(Data entries)
■ ■ ■ ■ ■ ■ ■
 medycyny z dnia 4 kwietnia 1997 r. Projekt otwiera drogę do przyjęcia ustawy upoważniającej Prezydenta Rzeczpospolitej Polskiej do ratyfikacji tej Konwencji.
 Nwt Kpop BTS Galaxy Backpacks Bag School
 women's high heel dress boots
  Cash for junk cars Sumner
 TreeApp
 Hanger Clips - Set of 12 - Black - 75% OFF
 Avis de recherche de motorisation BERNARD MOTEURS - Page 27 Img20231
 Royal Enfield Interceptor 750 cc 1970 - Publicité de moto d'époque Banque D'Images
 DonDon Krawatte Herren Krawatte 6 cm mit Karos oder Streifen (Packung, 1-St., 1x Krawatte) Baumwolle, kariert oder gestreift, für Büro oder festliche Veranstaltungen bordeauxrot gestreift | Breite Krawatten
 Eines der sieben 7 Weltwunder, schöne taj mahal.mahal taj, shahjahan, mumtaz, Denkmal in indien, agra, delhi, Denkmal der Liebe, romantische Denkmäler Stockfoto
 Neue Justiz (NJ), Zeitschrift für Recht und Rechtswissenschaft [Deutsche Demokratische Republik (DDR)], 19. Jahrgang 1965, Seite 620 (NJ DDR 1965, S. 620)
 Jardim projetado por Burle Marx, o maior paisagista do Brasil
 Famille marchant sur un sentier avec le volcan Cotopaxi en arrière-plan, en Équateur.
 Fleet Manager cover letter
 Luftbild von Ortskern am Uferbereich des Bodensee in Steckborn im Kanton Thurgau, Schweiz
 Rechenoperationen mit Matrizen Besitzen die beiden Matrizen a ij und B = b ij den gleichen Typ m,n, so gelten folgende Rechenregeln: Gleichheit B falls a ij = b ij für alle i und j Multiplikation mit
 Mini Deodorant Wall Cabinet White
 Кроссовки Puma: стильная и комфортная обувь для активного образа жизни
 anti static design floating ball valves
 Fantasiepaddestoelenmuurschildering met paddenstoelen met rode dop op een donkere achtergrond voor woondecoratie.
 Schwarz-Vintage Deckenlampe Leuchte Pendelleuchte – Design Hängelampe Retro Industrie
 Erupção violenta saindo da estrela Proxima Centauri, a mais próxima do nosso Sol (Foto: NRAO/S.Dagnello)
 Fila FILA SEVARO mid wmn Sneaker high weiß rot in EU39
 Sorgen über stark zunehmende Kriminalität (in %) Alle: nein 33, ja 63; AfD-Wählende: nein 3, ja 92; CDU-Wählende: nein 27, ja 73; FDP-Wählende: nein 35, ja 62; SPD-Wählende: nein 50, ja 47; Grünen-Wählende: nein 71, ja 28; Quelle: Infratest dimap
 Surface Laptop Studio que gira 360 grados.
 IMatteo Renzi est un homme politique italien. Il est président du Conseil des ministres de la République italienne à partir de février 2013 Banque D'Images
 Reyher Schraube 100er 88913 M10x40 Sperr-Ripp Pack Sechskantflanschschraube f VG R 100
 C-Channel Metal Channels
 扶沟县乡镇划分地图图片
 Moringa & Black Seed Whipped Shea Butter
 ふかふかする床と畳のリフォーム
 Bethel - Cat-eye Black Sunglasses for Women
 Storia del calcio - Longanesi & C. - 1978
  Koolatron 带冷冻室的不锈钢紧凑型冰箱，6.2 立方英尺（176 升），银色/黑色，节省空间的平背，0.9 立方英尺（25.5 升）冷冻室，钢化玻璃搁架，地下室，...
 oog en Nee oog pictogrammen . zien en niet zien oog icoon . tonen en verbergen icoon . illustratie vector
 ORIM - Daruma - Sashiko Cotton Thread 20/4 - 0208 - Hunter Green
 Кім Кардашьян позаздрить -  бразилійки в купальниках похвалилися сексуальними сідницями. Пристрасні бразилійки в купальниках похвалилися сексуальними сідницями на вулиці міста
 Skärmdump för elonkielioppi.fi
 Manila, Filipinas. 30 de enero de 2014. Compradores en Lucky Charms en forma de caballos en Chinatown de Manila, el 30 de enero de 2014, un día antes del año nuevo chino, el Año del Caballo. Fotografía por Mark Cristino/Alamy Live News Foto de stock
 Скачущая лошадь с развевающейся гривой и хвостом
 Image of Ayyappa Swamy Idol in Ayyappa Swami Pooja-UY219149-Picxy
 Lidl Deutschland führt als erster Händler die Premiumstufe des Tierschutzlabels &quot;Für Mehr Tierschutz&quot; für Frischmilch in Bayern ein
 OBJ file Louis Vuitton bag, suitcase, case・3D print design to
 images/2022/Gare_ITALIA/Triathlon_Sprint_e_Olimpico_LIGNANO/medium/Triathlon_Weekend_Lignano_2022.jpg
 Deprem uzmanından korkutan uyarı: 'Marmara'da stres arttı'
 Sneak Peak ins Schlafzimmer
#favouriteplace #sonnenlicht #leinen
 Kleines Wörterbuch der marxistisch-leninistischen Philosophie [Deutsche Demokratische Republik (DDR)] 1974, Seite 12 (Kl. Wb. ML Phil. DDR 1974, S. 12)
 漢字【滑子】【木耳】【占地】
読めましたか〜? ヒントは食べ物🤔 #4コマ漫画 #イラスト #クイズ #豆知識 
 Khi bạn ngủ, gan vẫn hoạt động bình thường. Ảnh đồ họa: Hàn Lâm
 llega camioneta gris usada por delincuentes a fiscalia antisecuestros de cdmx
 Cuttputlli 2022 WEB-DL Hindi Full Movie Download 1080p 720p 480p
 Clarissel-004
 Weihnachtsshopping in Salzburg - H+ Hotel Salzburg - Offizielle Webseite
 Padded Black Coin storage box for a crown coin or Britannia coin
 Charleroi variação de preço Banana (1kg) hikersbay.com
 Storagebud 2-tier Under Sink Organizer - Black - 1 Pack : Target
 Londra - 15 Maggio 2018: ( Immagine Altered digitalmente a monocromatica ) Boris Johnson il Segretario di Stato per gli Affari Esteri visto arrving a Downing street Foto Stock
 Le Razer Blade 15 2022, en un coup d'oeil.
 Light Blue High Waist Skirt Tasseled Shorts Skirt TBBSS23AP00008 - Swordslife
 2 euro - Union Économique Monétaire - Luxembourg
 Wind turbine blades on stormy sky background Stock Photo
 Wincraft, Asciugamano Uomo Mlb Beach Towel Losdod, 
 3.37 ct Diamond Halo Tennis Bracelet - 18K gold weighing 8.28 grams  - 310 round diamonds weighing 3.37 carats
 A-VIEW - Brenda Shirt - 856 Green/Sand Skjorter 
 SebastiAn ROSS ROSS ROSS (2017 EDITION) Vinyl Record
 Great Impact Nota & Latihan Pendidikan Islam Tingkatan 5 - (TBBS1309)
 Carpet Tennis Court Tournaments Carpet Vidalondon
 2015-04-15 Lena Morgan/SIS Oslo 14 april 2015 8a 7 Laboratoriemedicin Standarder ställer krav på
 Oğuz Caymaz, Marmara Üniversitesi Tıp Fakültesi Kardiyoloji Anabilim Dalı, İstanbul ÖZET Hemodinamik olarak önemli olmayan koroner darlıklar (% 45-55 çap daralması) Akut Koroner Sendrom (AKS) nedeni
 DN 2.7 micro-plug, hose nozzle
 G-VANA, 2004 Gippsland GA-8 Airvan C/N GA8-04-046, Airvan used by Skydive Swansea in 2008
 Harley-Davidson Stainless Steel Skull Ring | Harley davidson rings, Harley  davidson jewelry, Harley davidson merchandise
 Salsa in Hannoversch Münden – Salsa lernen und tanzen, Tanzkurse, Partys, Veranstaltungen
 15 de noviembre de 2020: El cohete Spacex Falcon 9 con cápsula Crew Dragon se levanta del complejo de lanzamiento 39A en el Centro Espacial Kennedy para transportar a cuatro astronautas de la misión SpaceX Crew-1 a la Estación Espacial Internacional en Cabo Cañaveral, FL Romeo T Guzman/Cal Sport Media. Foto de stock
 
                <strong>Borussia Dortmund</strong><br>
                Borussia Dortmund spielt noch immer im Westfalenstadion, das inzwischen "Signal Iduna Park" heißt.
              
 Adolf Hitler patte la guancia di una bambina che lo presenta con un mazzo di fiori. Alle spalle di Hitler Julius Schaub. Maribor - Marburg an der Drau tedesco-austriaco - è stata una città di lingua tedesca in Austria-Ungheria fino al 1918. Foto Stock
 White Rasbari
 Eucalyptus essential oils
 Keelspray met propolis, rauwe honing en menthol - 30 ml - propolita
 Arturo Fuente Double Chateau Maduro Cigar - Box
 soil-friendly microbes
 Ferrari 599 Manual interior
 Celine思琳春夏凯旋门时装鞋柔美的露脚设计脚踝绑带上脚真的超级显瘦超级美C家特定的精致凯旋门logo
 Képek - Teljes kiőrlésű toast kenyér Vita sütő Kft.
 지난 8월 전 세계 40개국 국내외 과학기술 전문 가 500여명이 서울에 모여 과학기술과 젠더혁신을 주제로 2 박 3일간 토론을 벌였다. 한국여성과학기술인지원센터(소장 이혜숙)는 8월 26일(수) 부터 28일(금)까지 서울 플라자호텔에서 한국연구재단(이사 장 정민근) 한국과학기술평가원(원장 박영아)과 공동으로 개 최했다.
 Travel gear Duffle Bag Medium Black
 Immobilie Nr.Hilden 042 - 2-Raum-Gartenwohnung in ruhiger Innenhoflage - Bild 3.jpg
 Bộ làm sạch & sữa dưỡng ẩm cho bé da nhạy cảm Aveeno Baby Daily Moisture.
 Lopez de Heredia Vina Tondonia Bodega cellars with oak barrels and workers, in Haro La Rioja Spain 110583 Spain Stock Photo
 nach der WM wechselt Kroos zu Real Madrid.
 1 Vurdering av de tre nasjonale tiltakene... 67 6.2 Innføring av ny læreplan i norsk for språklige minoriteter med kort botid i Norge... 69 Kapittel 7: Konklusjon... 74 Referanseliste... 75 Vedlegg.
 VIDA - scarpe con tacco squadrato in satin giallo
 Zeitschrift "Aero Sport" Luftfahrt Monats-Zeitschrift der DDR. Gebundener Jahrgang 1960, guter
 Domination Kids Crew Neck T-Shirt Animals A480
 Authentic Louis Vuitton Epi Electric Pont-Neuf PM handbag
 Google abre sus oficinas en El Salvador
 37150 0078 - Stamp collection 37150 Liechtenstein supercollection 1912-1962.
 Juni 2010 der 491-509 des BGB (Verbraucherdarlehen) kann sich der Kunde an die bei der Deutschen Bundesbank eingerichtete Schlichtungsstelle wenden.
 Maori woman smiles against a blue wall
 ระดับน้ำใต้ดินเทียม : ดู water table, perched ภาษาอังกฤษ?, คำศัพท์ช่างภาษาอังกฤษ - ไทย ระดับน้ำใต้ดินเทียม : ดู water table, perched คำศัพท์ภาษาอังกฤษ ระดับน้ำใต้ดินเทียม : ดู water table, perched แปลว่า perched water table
■ ■ ■ ■ ■ ■ ■
- **Task instructions**
Could you find every line in the records above that contains the word "Jahrgang" and copy it?

- **Finished exercise**
 Neue Justiz (NJ), Zeitschrift für Recht und Rechtswissenschaft [Deutsche Demokratische Republik (DDR)], 19. Jahrgang 1965, Seite 620 (NJ DDR 1965, S. 620)
 Zeitschrift "Aero Sport" Luftfahrt Monats-Zeitschrift der DDR. Gebundener Jahrgang 1960, guter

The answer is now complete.